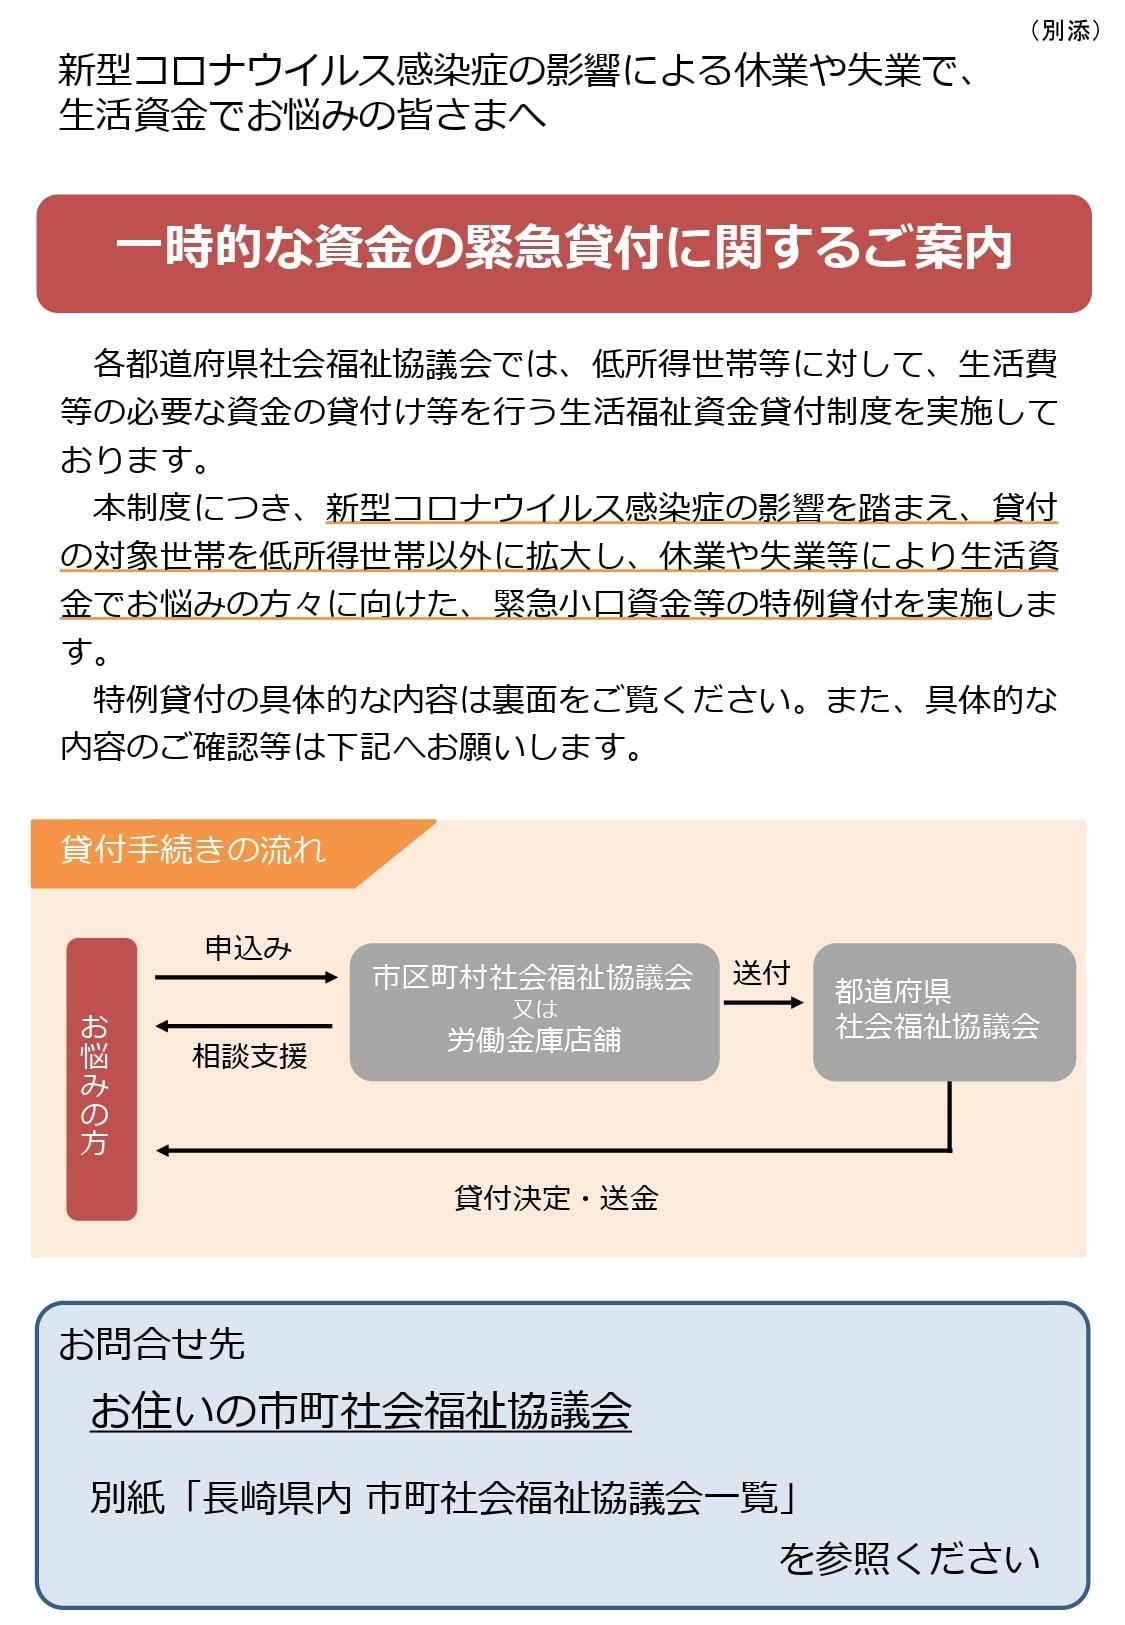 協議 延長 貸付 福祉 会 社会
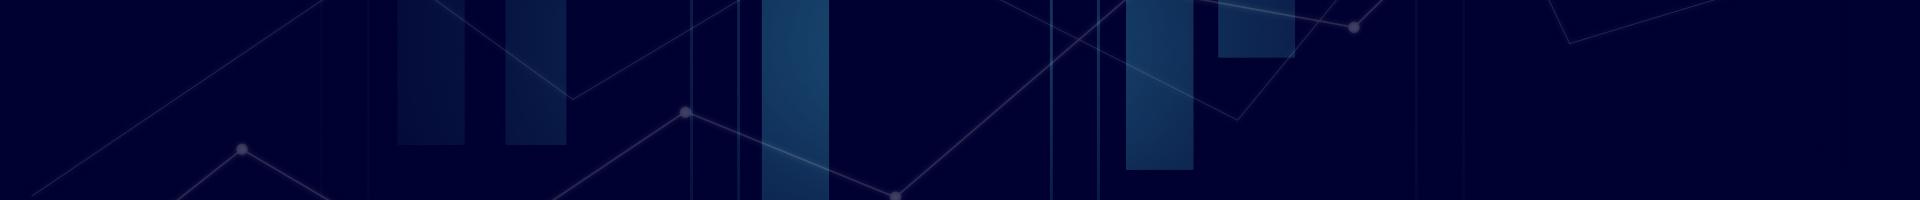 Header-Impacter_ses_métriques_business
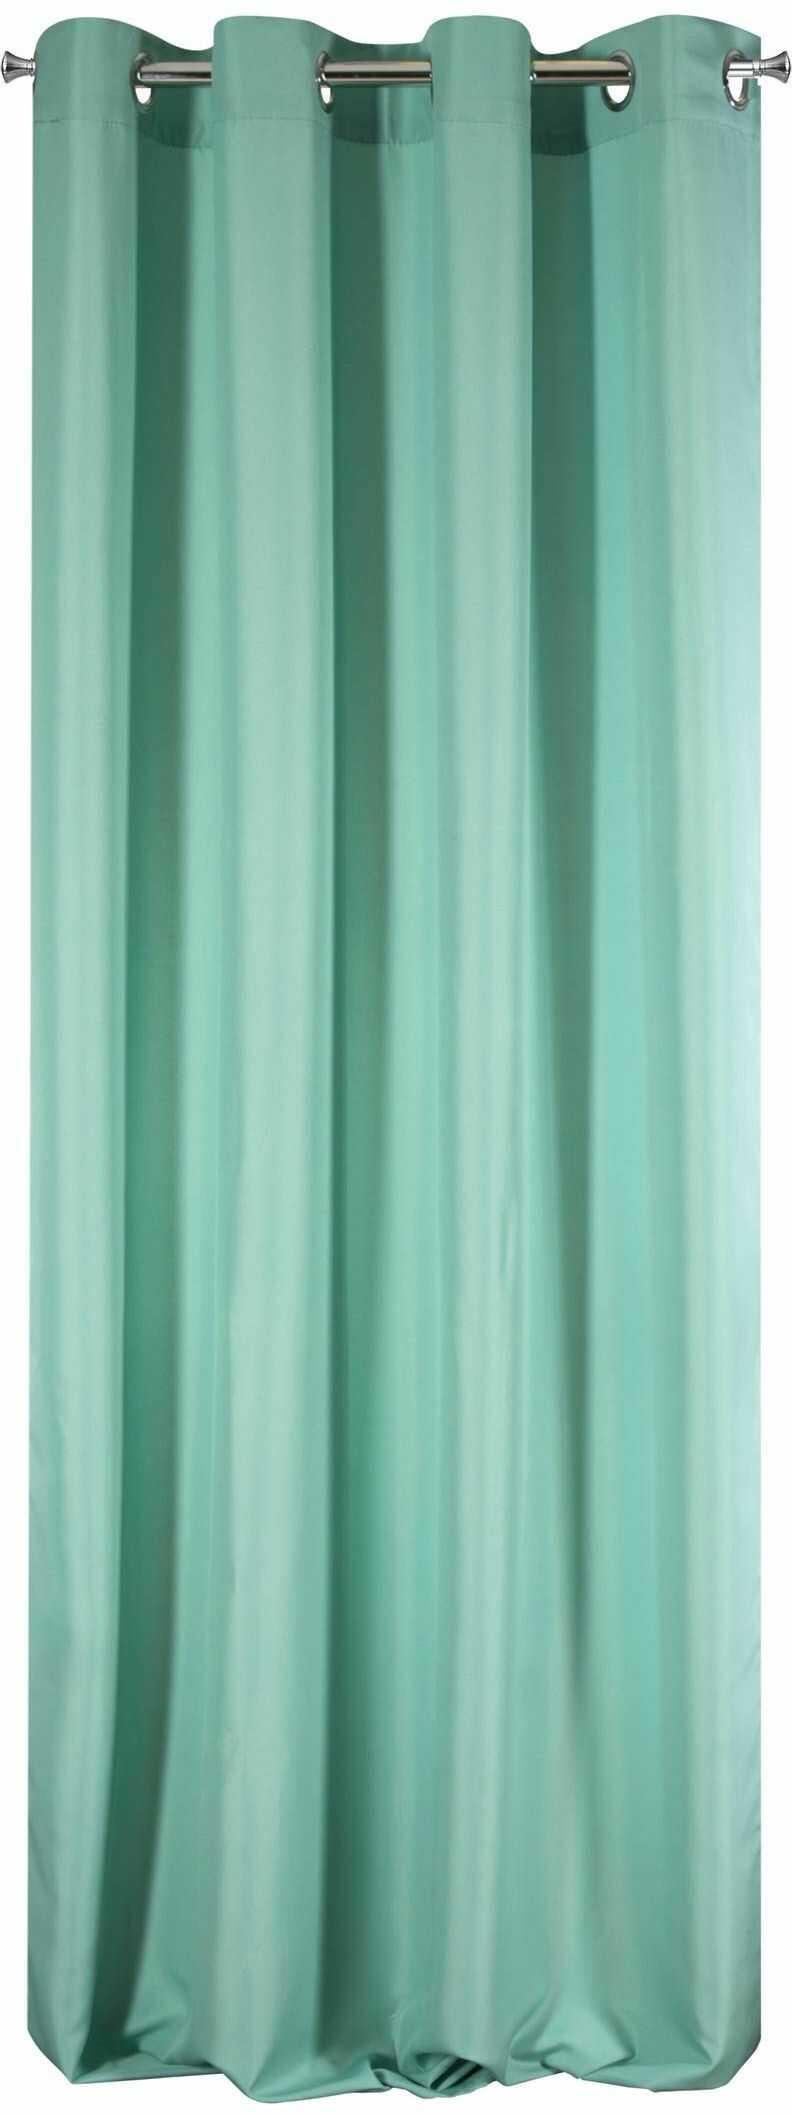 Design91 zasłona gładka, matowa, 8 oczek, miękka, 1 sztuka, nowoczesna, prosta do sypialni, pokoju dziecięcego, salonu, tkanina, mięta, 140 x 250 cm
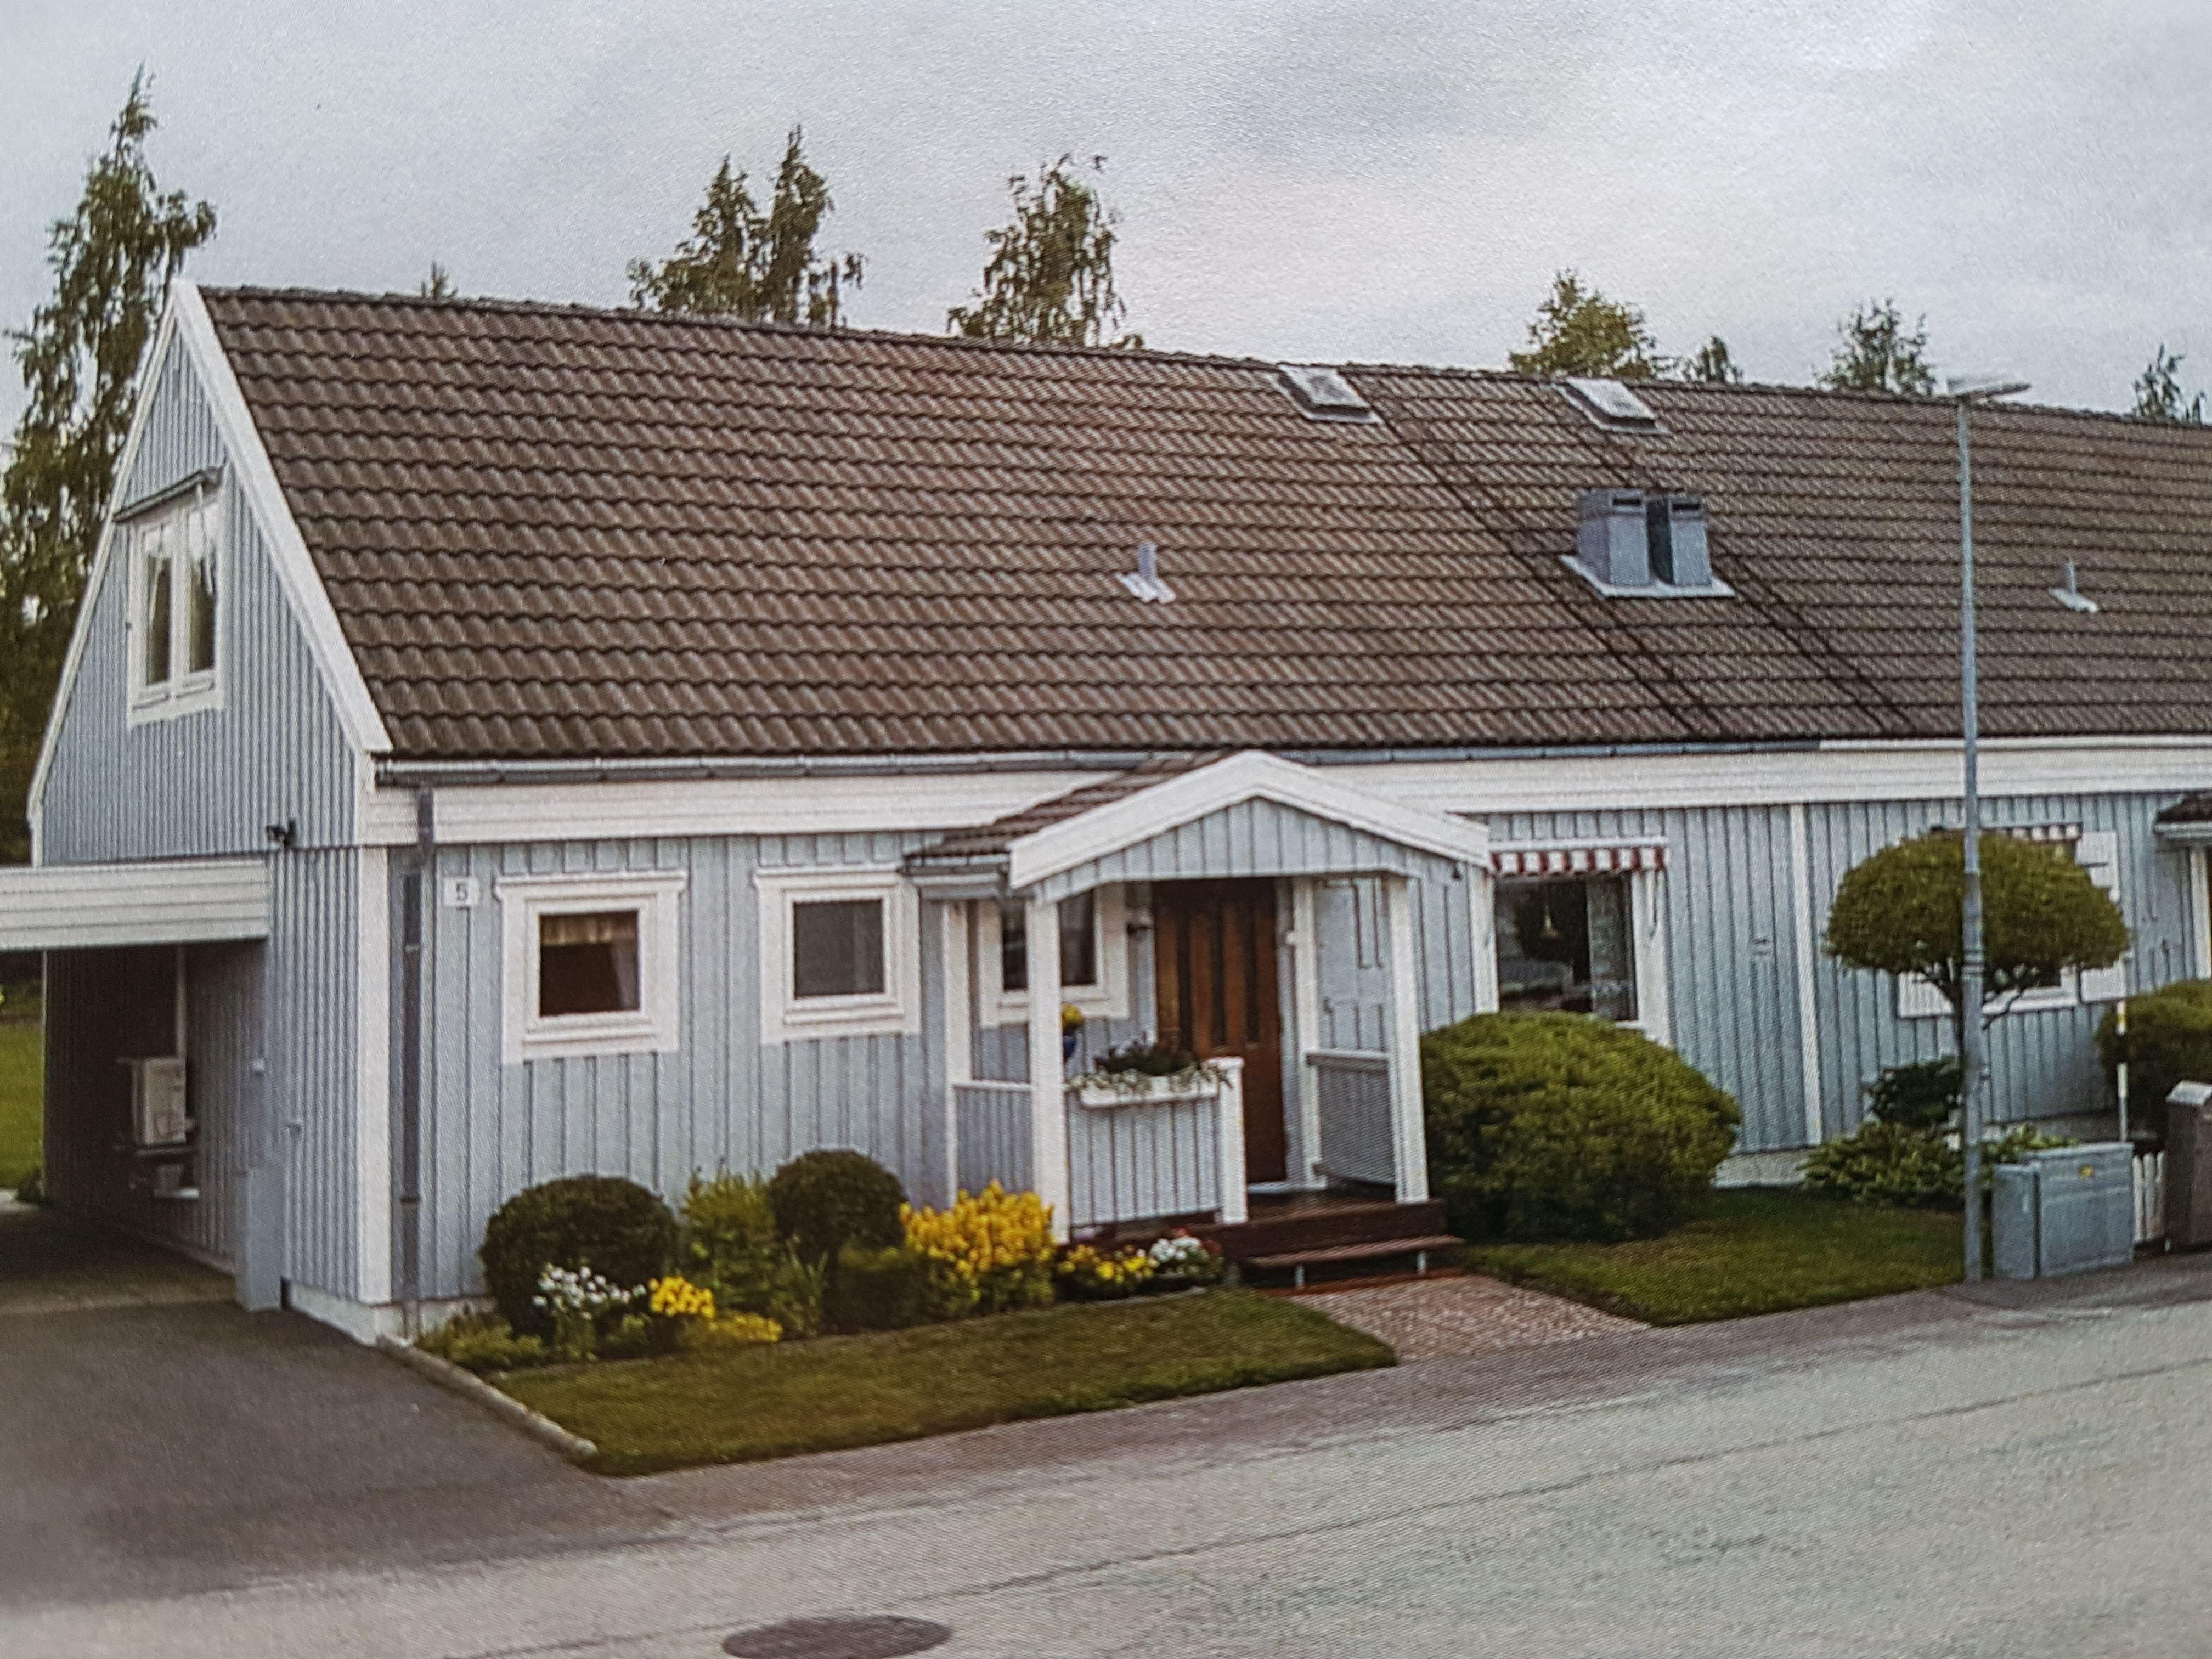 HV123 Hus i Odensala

* [ACTIVITY]: Only the lines from the one containing "Header-Impacter_ses_métriques_business" through the final line of the data are to be written out, exactly as they stand and without pictures.

* [FINISHED TASK]:
 Header-Impacter_ses_métriques_business
 Design91 zasłona gładka, matowa, 8 oczek, miękka, 1 sztuka, nowoczesna, prosta do sypialni, pokoju dziecięcego, salonu, tkanina, mięta, 140 x 250 cm
 HV123 Hus i Odensala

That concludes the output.